RECORD EXCERPTS =
=== Section Start ===

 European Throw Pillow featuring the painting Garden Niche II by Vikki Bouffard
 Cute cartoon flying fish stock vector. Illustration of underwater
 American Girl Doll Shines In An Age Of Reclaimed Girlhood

=== Section End ===
=== Section Start ===

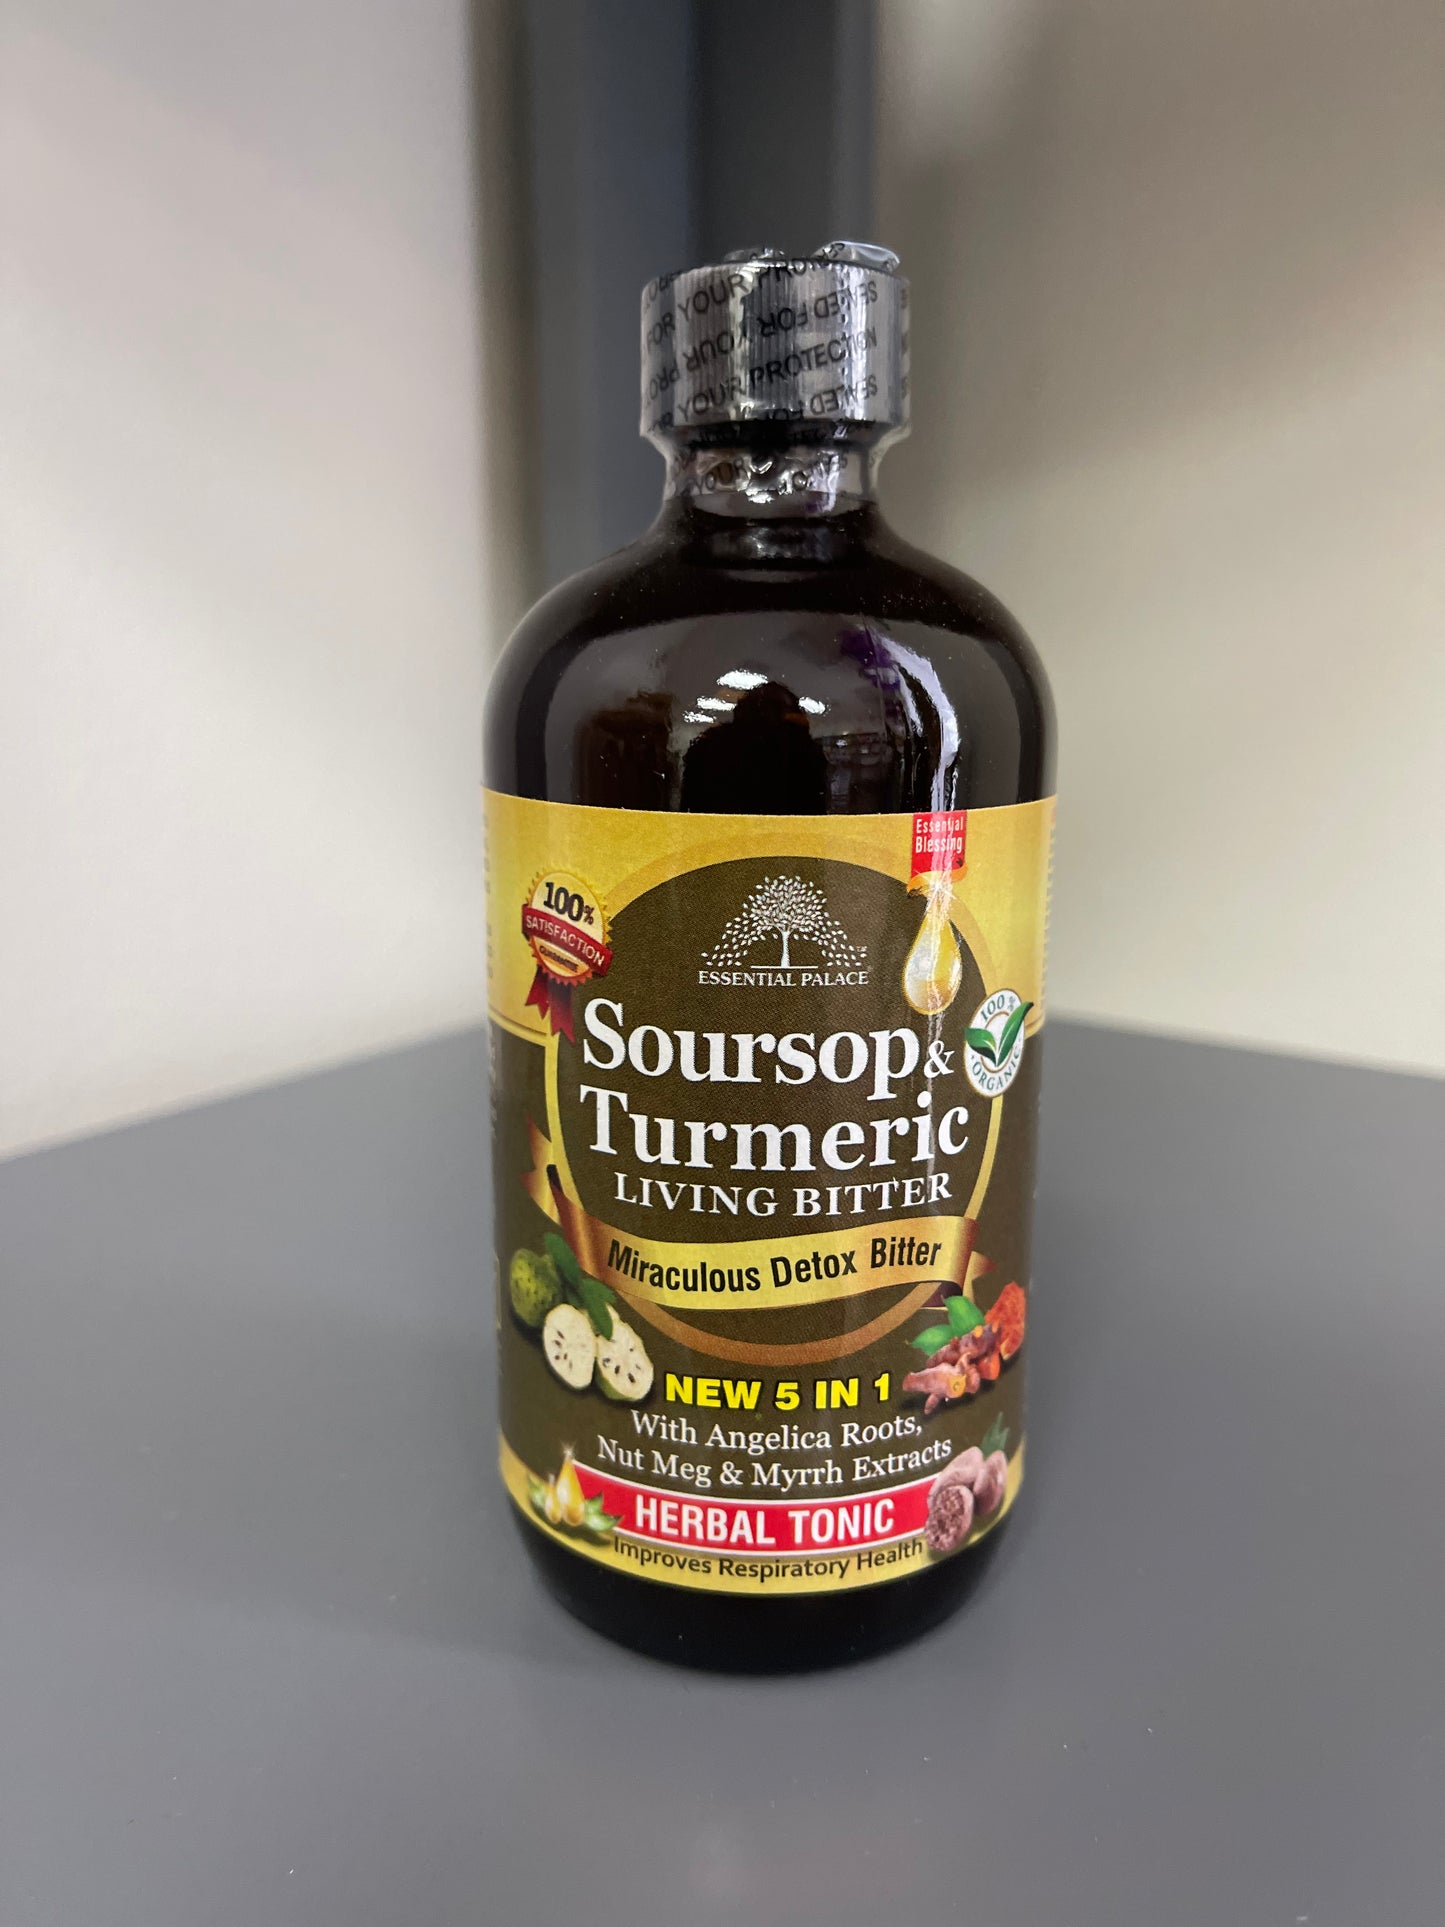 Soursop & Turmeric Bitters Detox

=== Section End ===

TASK GOAL = Output exactly one stretch of the listing: from the line containing "Cute cartoon flying" through the line containing "American Girl Doll", both end lines included.

EXERCISE RESPONSE =
 Cute cartoon flying fish stock vector. Illustration of underwater
 American Girl Doll Shines In An Age Of Reclaimed Girlhood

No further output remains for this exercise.